In this project , we will build an image caption generator to load a random image and give some captions describing the image. We will use Convolutional Neural Network (CNN) for image feature extraction and Long Short-Term Memory Network (LSTM) for Natural Language Processing (NLP).
The objective of the project is to predict the captions for the input image. The dataset consists of 8k images and 5 captions for each image. The features are extracted from both the image and the text captions for input.
The features will be concatenated to predict the next word of the caption. CNN is used for image and LSTM is used for text. BLEU Score is used as a metric to evaluate the performance of the trained model.
Download the Flickr dataset here
Used VGG16() model fot image features extraction.Fully connected layer of the VGG16 model is not needed, just the previous layers to extract feature results.
Dictionary 'features' is created and will be loaded with the extracted features of image data
load_img(img_path, target_size=(224, 224)) - custom dimension to resize the image when loaded to the array
image.reshape((1, image.shape[0], image.shape[1], image.shape[2])) - reshaping the image data to preprocess in a RGB type image.
model.predict(image, verbose=0) - extraction of features from the image
img_name.split('.')[0] - split of the image name from the extension to load only the image name.
Defined to clean and convert the text for quicker process and better results.
Example:
['A child in a pink dress is climbing up a set of stairs in an entry way .', 'A girl going into a wooden building .', 'A little girl climbing into a wooden playhouse .', 'A little girl climbing the stairs to her playhouse .', 'A little girl in a pink dress going into a wooden cabin .']
After cleaning:
['startseq child in pink dress is climbing up set of stairs in an entry way endseq', 'startseq girl going into wooden building endseq', 'startseq little girl climbing into wooden playhouse endseq', 'startseq little girl climbing the stairs to her playhouse endseq', 'startseq little girl in pink dress going into wooden cabin endseq']

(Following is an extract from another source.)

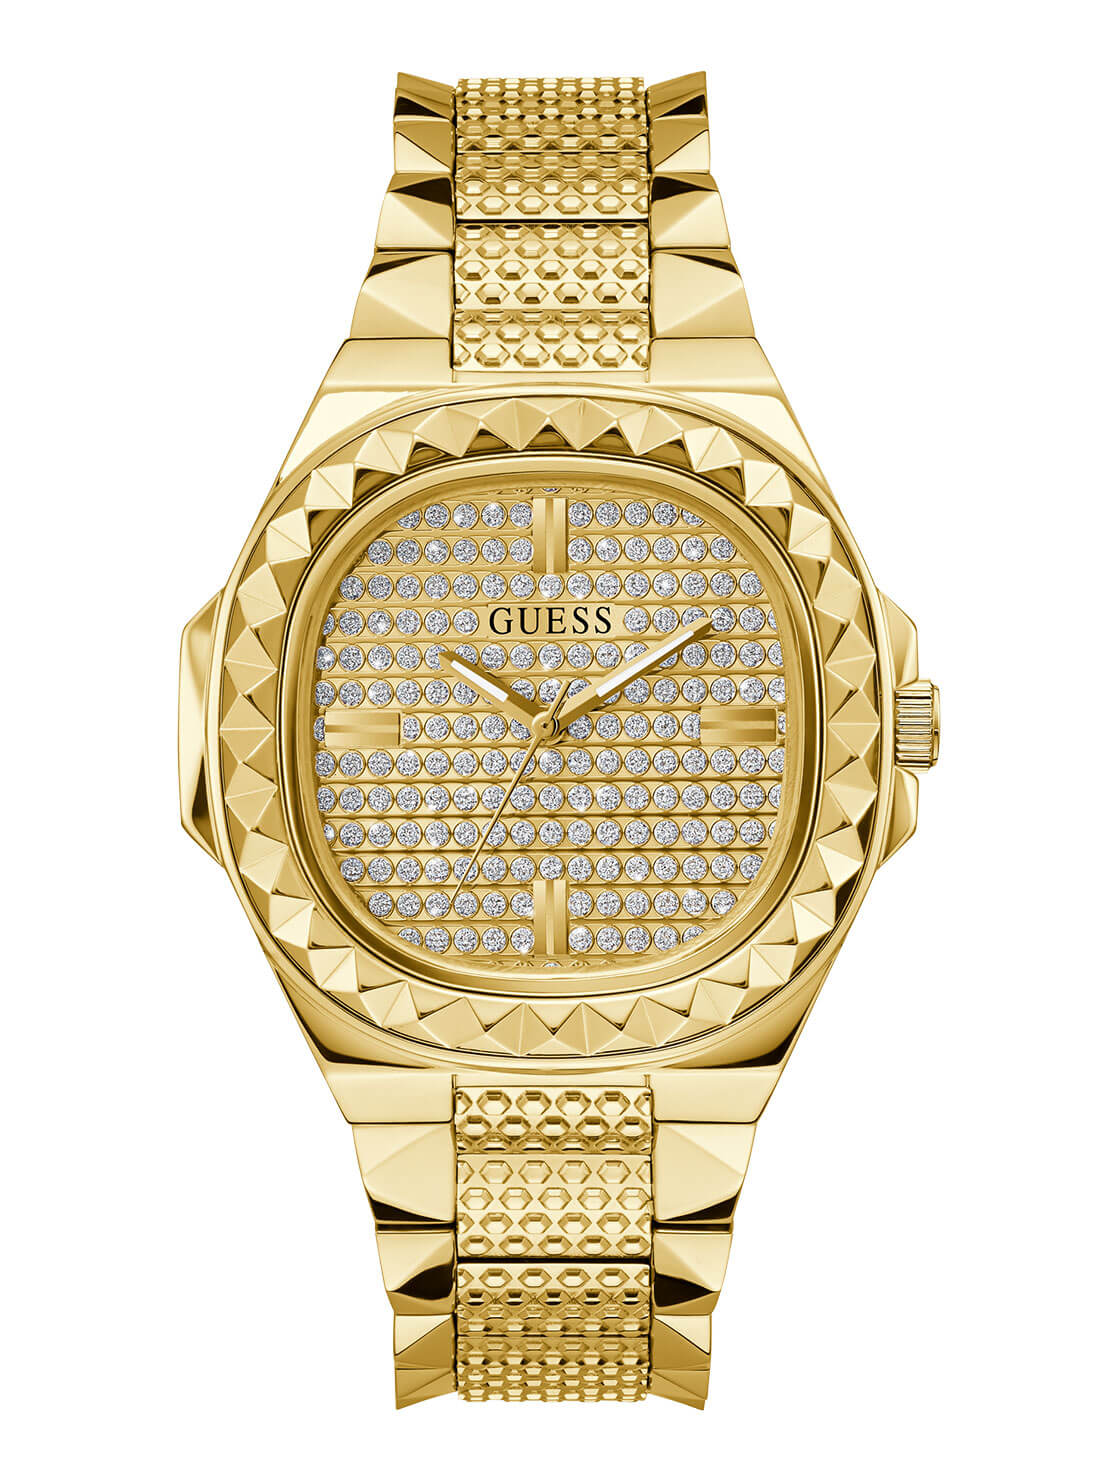 Gold Rebel Crystal Watch | GUESS Men's watches | front view

Words with one letter was deleted
All special characters were deleted
'startseq' and 'endseq' tags were added to indicate the start and end of a caption for easier processing
shape=(4096,)- output length of the features from the VGG model
Dense - single dimension linear layer array
Dropout() - used to add regularization to the data, avoiding over fitting & dropping out a fraction of the data from the layers
model.compile() - compilation of the model
loss=’sparse_categorical_crossentropy’ - loss function for category outputs
optimizer=’adam’ - automatically adjust the learning rate for the model over the no. of epochs
Model plot shows the concatenation of the inputs and outputs into a single layer
Feature extraction of image was already done using VGG, no CNN model was needed in this step.
Training the model by increasing the no. of epochs can give better and more accurate results.
Processing large amount of data can take a lot of time and system resource.
The no. of layers of the model can be increased if you want to process large dataset like flickr32k.
Instead of VGG16, we can also use CNN model to extract the image features.